Misión S.O.S. is a Mexican telenovela produced by Rosy Ocampo for Televisa. It premiered on August 2, 2004 and ended on January 21, 2005. It stars Maribel Guardia, Guillermo Capetillo, Diego González, and Allisson Lozz.

Plot 
The story follows the life of Diana, a pre-teen who lives in a neighborhood called Buenaventura, along with her friends, Alonso, Federica, Rodrigo, Alejandro and Dany. Christian has moved from New York to Mexico due to his parents' divorce. Diana and Christian quickly become best friends, despite their families hatred for each other. Years before, Christian's father and Diana's mother were in love, but their relationship was soured by Severiano, Christian's grumpy and selfish grandfather.

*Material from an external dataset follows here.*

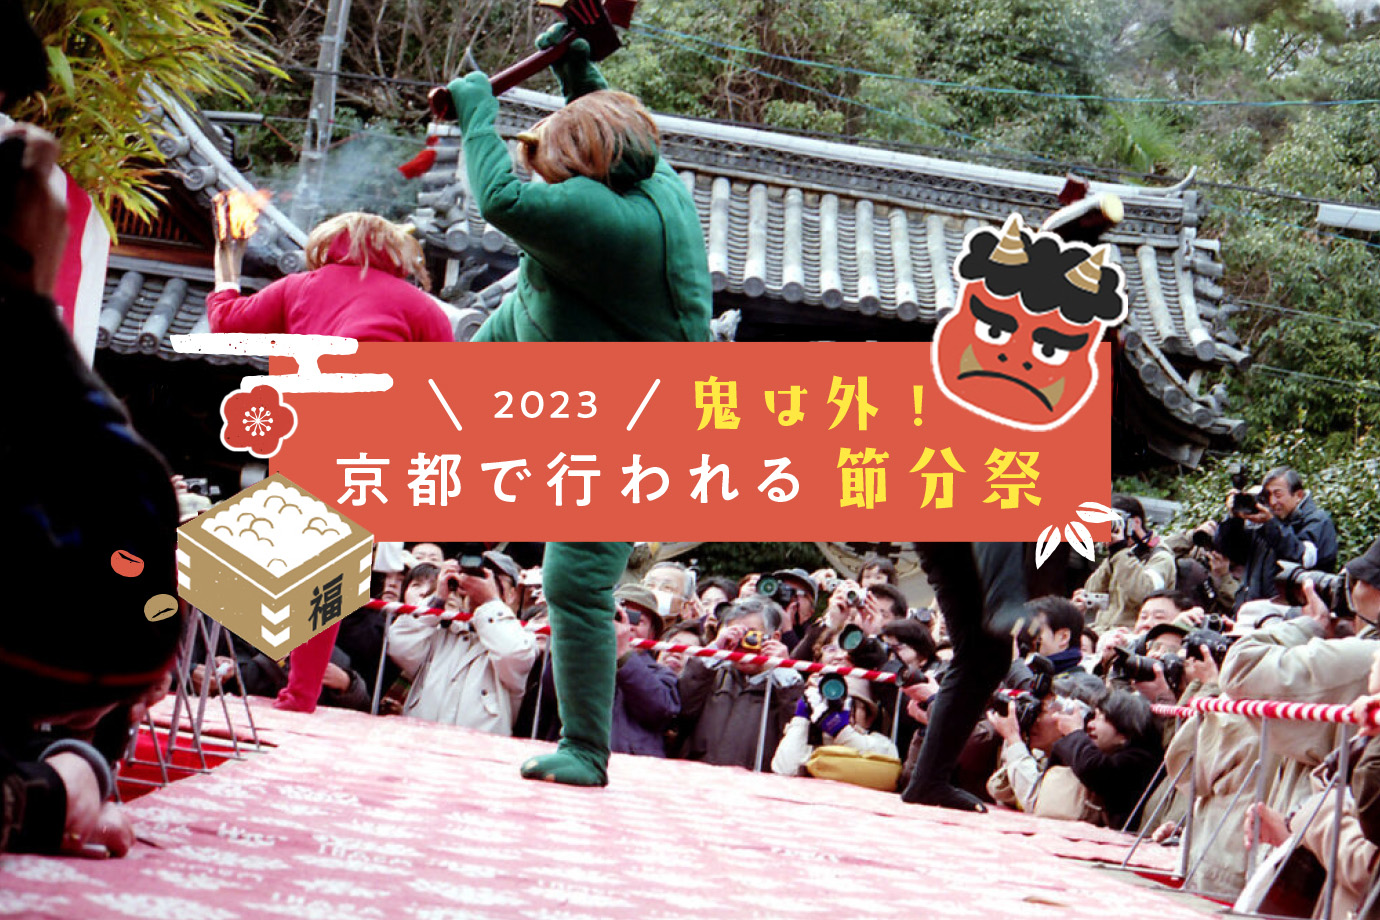 Setsubun, The Bean Throwing Festival

However, the neighbors of Buenaventura have even darker futures, as they are in danger of losing their homes, their school and much more, because the evil old Severiano plans to tear down the neighborhood and build an enormous shopping mall in its place. To accomplish his plan, Severiano is willing to resort to any means, and will provoke a series of disasters to drive the inhabitants away.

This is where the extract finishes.